Your goal
Starting at the line that contains "Biggeorge Adds 2", copy every line through the end of the records below exactly as written, leaving out pictures.

------------------------

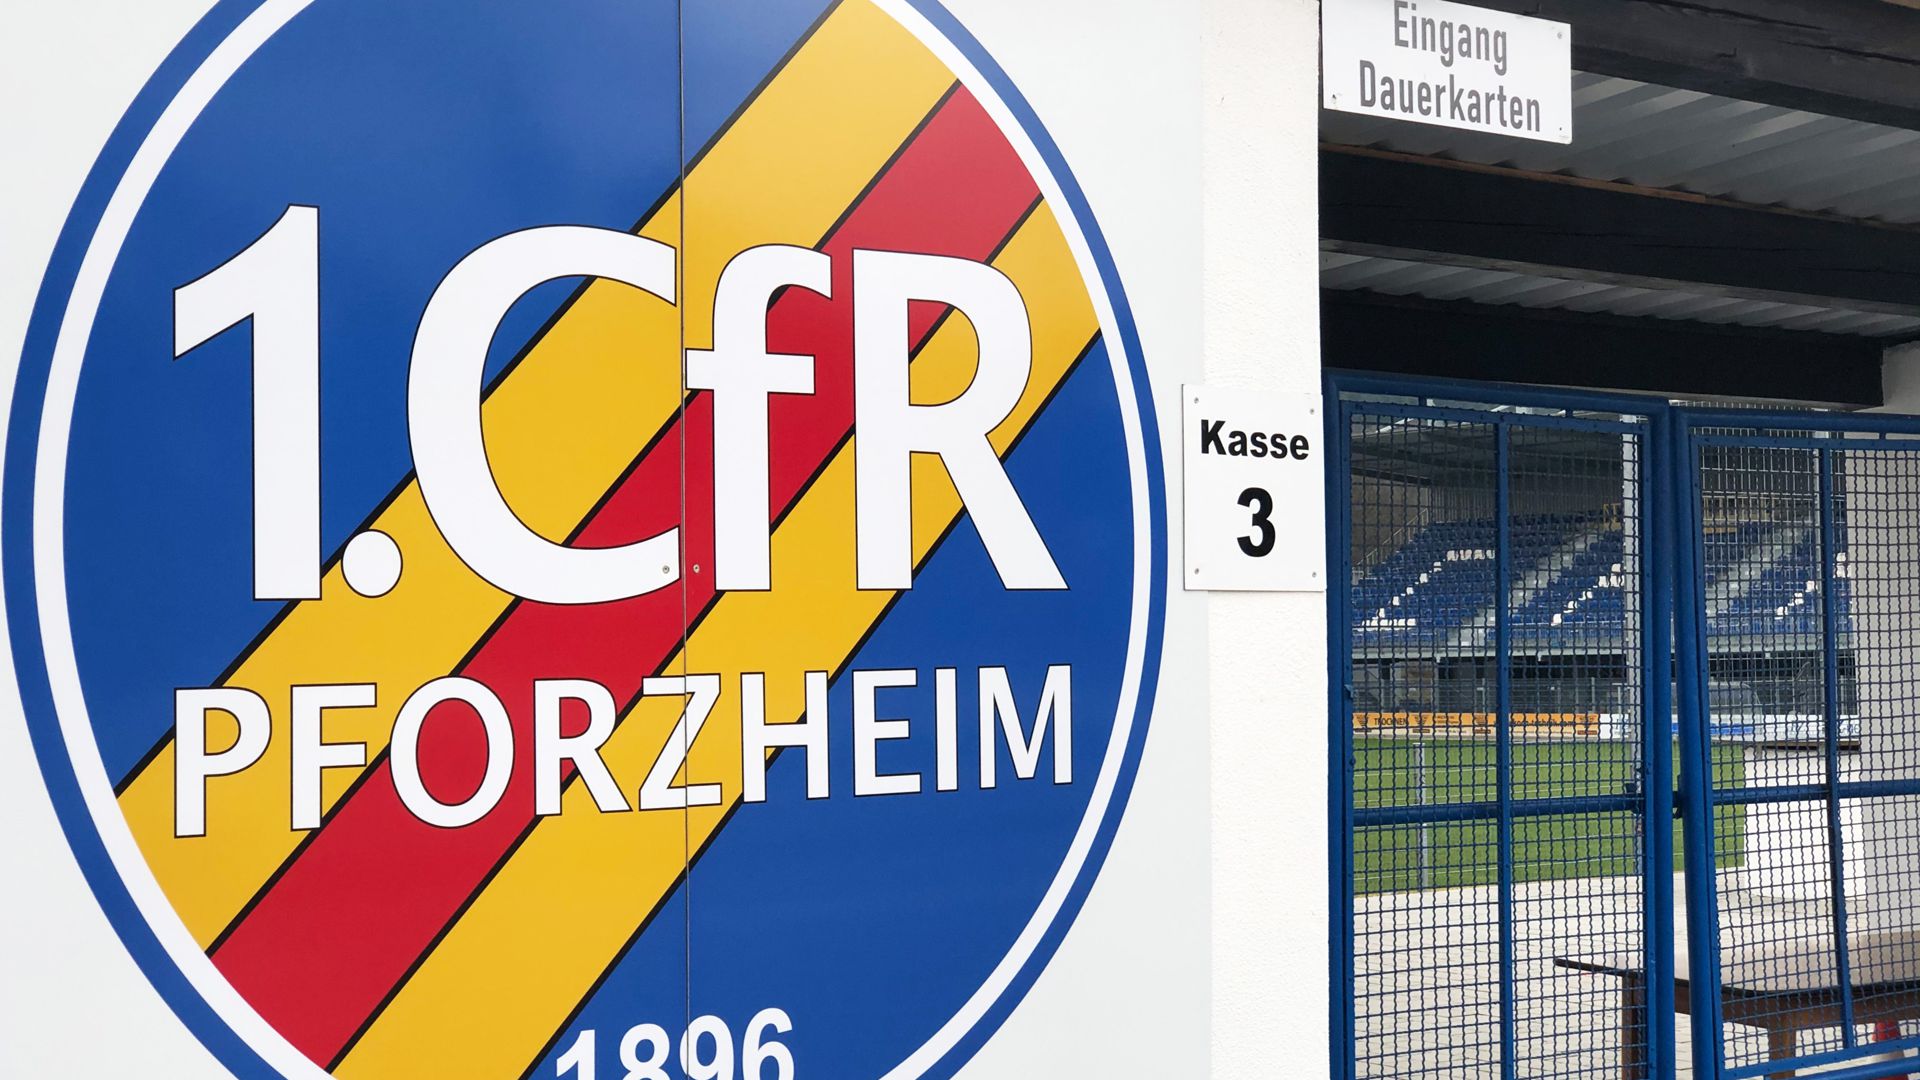 Stadion_CfR Pforzheim_Corona_verschlossene Türen8
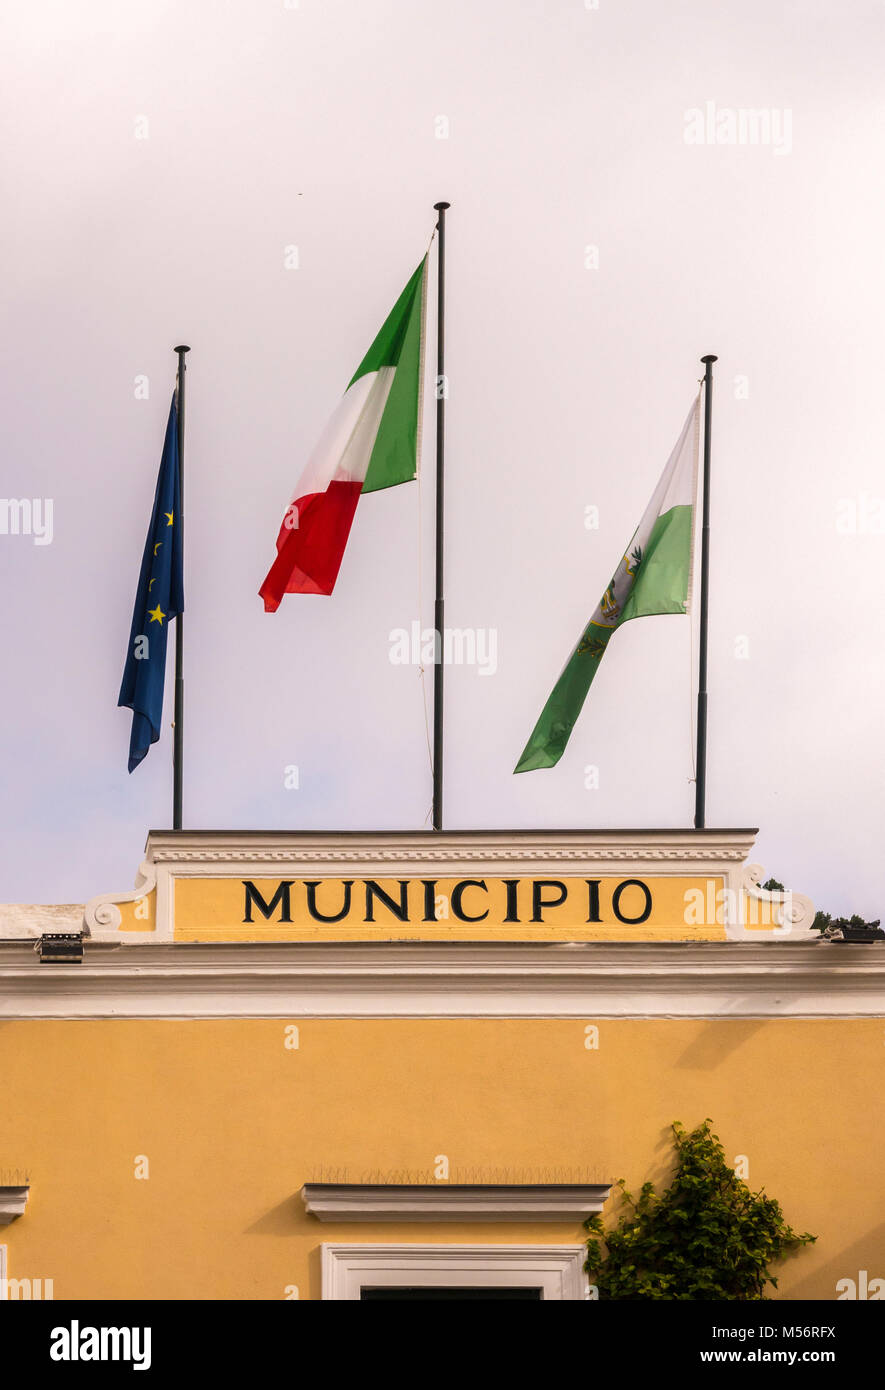 Municipio sign and flags, Piazza Umberto I Capri, Italy. Stock Photo
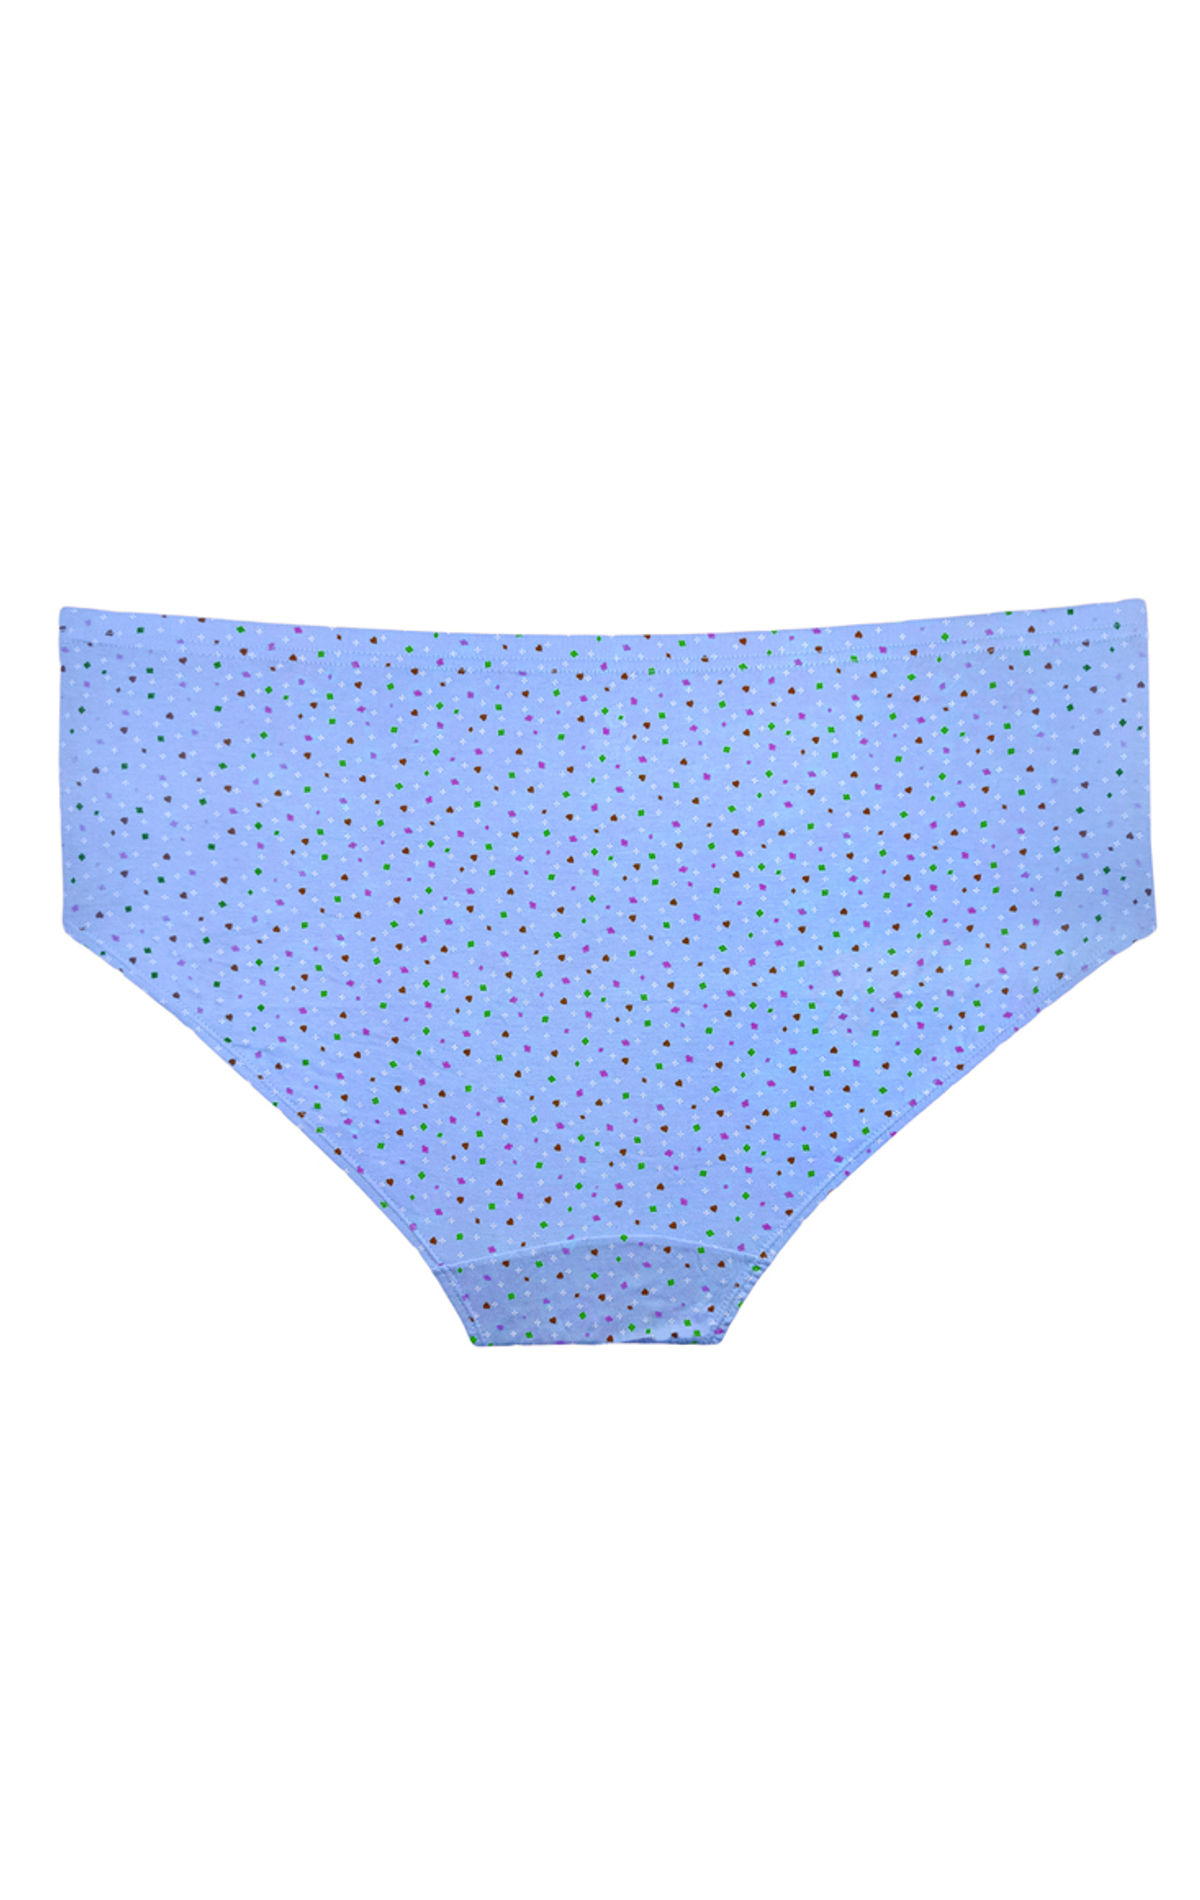 Girls Polkadot Tagless Briefs Underwear Super Soft Panties 3-Pack
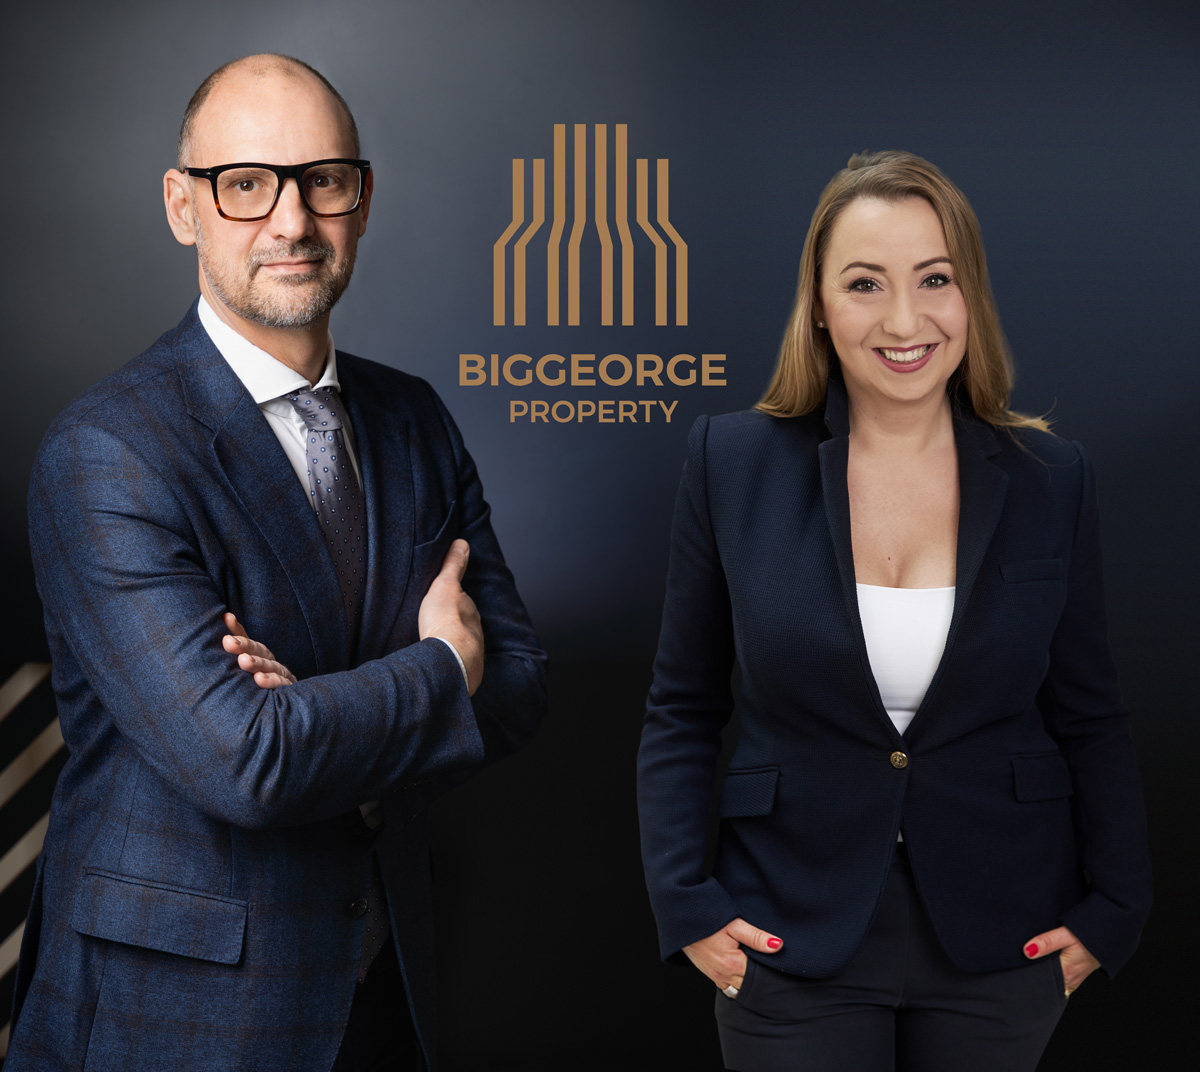 Biggeorge Adds 2 New Directors to Top Management
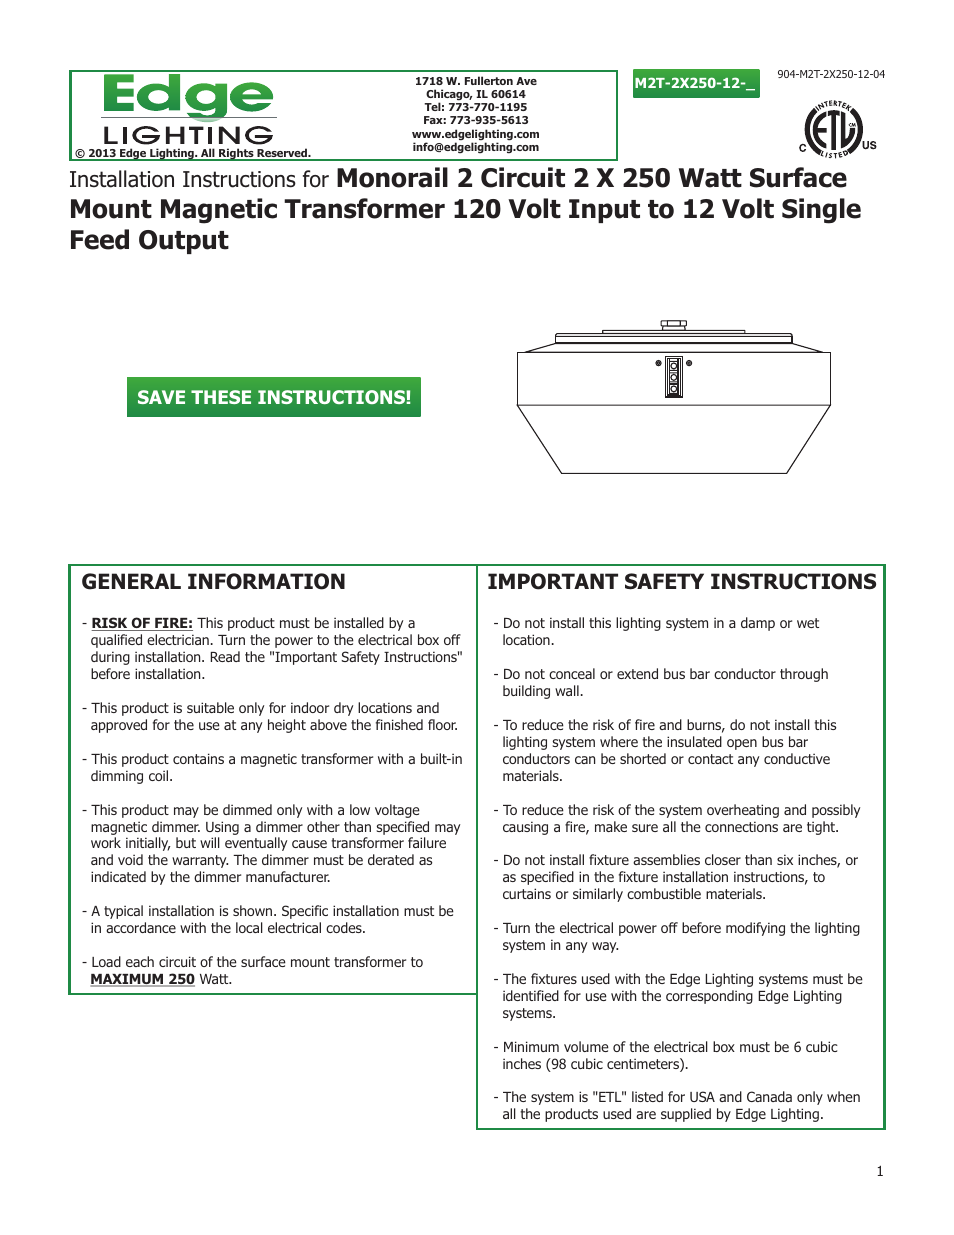 2x250W/12V Surface Mount Magnetic Transformer

------------------------

Exercise solution
 Biggeorge Adds 2 New Directors to Top Management
 2x250W/12V Surface Mount Magnetic Transformer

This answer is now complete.